My feed
Premium

Please
or
to access all these features

For free parenting resources please check out the Early Years Alliance's Family Corner.

Parenting

My 7. 5 month old is so miserable and I just can't cope anymore

39 replies

Summerdays2014 · 30/08/2016 18:23

I really can't cope. My husband came home to find me in tears tonight, just like at 4am this morning. My son used to be so happy and smiley and everyone used to comment on it. Now he is miserable constantly when at home with me and nothing I do is right for him. We go out to one class every day and for a walk/to the shops/park everyday as well he seems happy at these classes and when we are out. At home however, he whinges and cries if I put him down on his front, on his back or sitting up. Cries in his high chair so I have no idea if he is crying because he is hungry/full/miserable. I try to entertain him, play with him, sing to him, give him toys, give him space and time to play on his own and quiet time, use a walker and jumparoo he just doesn't like anything for more that a couple of minutes.

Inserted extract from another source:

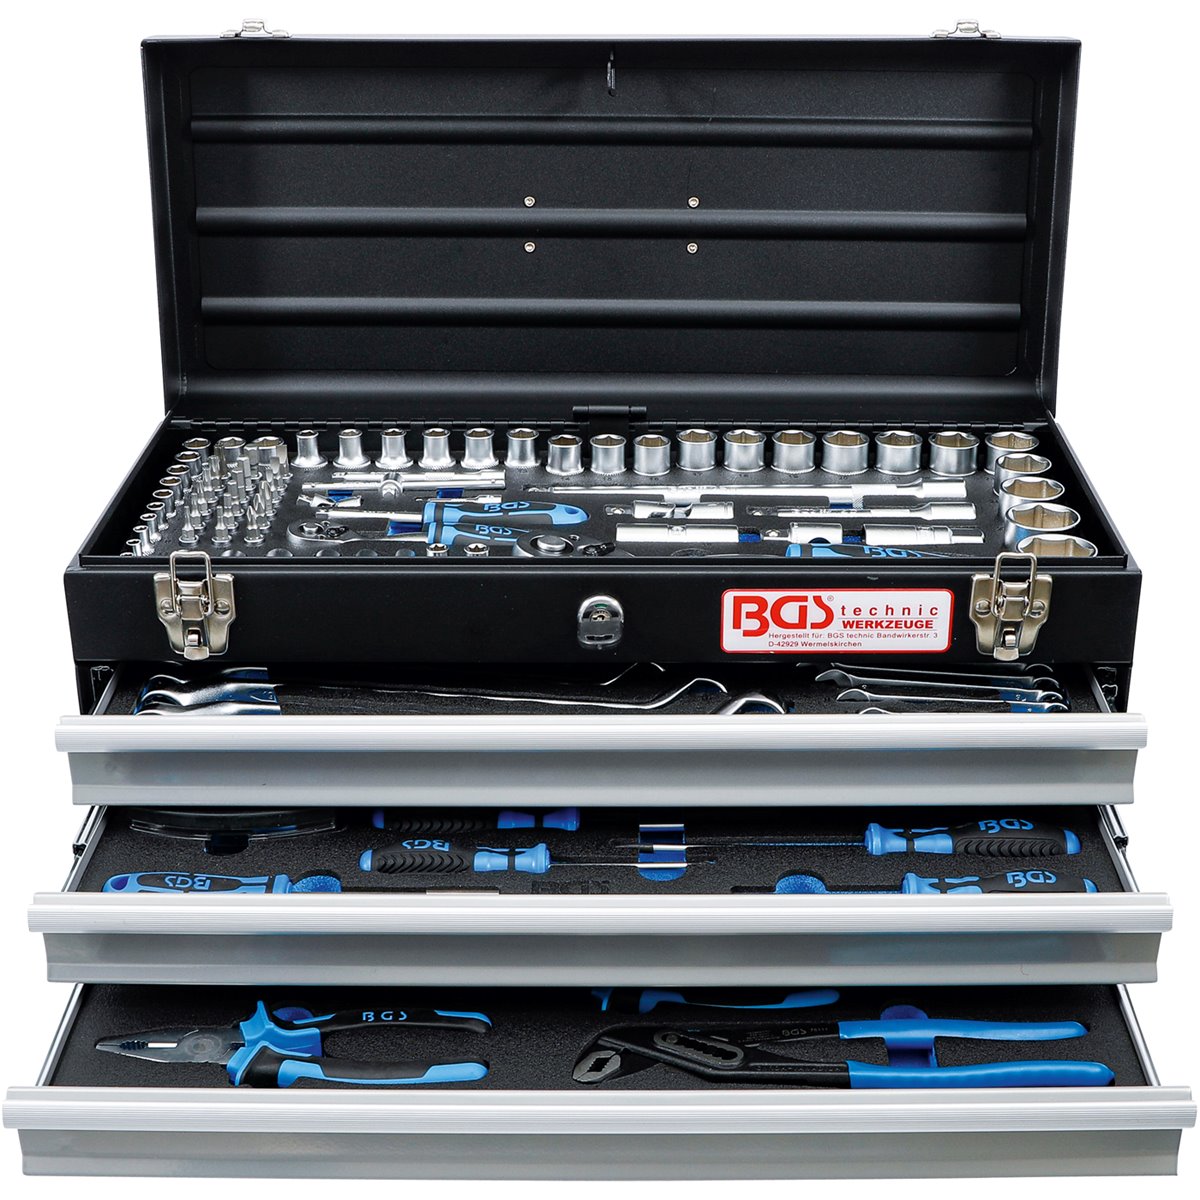 BGS 3318 Metall-Werkzeugkoffer mit 143 Werkzeugen 143 Werkzeugen |  Steckschlüssel-Programm | Werkstatt-Aktion | BGS technic | Marken |  toolaro.de | Werkzeug-Shop

The only time he stops is if I pick him up and walk around with him. If I then sit down with him he starts again. I feel like I am failing. I can't spend all day out of the house. He won't nap for more than 30 minutes a day and it's 50/50 if he will allow me to put him down in his cot. Today he hasn't. I always have to rock him to sleep he has never self settled. His night time sleep is awful, changes on a nightly basis and have to rock him/sometimes just pat him to sleep. Tried CC a few weeks ago out of pure desperation but it didn't work at all. I don't know what I'm doing wrong. Is he teething? No sign of any but giving him stuff anyway. developmental leap? Trying half heartedly to craw but been doing this for weeks now. Food allergy/intolerance after starting solids? No idea. Separation anxiety? He cries when I'm with him. Illness? No systems. Overtired? Very probably but I can't figure out how to solve that.
I must just be a crap mum who can't make he child happy or get him to sleep. I'm so sad. Husband is great and we do 50/50 nights. I also get time to do my own thing on weekends eg went for a massage this weekend. Have been to health visitor and gp about him and me. Am on anti depressants - feel like this is been managed well.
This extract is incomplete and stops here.